2. When is an expert an expert?
The psychiatrist claiming expertise must have acquired by study or experience sufficient knowledge of the relevant field to render their opinion of value.
It is very important that experts understand the dangers of taking instructions outside of an expert’s direct field of expertise. In Pool v GMC  EWHC 3791 (Admin) the High Court held that doctors that hold themselves out to be experts in a particular field must ensure that they are sufficiently expert enough. Dr Pool had accepted instructions as an expert witness in proceedings before the Health
Professions Council in relation to the fitness to practise of a paramedic with a history of post traumatic stress disorder and a personality disorder. The paramedic objected to the evidence on the grounds that Dr Pool was not an expert. The High Court found that the Fitness to Practise Panel was not wrong in concluding that Dr Pool was not on the Specialist Register in the category of general psychiatry, had not completed any higher professional training and that “his qualifications and experience did not equip him to be an expert”.
3. Is the expert independent?
The psychiatrist must be able to provide impartial, unbiased, objective evidence on the matters within their field of expertise i.e. the expert is independent of the parties to the proceedings.
This can be of particular relevance when an expert report is sought from a treating psychiatrist i.e. a psychiatrist who is treating the individual for whom a report is being sought.
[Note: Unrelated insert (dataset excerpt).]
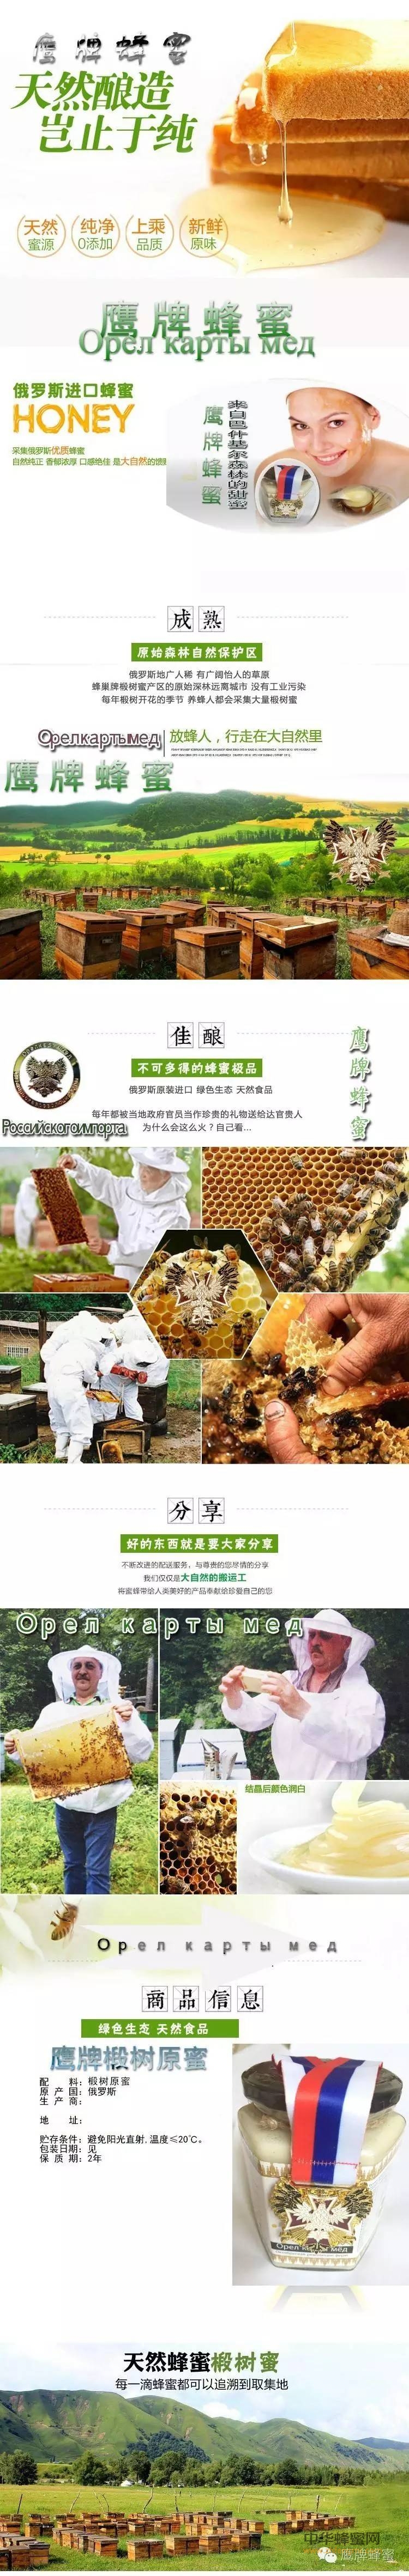 巴什基尔蜂蜜质量的定义

On some occasions, the preparation of an expert report by the treating psychiatrist can have an adverse impact on the therapeutic relationship with the individual, particularly where the individual disagrees with the conclusions of the psychiatrist.
Also, while the prior acquaintance with the individual can be useful, the treating psychiatrist may not always have the necessary expertise in relation to medico-legal report preparation.
4. Is the evidence reliable?
As with other expert evidence, there should be a reliable scientific basis for the psychiatric evidence or it must be part of a body of knowledge or experience which is sufficiently organised or recognised to be accepted as a reliable body of knowledge or experience.
5. Are the findings/recommendations clear?
While many psychiatrists are excellent clinicians with extensive knowledge and experience, this doesn’t always translate into a polished finished product.
It is therefore essential that the instructed expert psychiatrist is capable of conveying their findings and conclusions in a way that is easily understood by the layperson; reports must be balanced, robust and logical.
6. Are the recommendations practical?
It is ideal if the instructed psychiatrist is aware of local services so that reports that make recommendations are of practical use. If the author is not the treatment provider, liaison with local services is vital to assure authorisation of a bed for hospital orders or other treatment provision in a community setting is available prior to making any recommendation
It is important for instructing professionals to be aware that there are significant pressures on NHS hospital beds and that there can be delays in identifying an available and appropriate bed.
7. Can the expert deliver?
It is good practice to ensure agreement of deadlines and fees with the expert to avoid misunderstandings or problems at a later stage.
It is essential that the instructing professional confirms that the psychiatrist accepting instructions has enough time to do the work and to do it thoroughly and to a good standard. Many experts have busy clinical commitments in addition to their medico-legal practice; it is therefore important that deadlines and expectations are clear e.g. if there is a need to attend Court, the expert may need to rearrange clinical commitments.
The author Dr Imran Waheed FRCPsych is a NHS Consultant Psychiatrist and Clinical Director and the Founder of www.psychiatricreport.com, one of the UK’s leading providers of expert psychiatric and psychological reports.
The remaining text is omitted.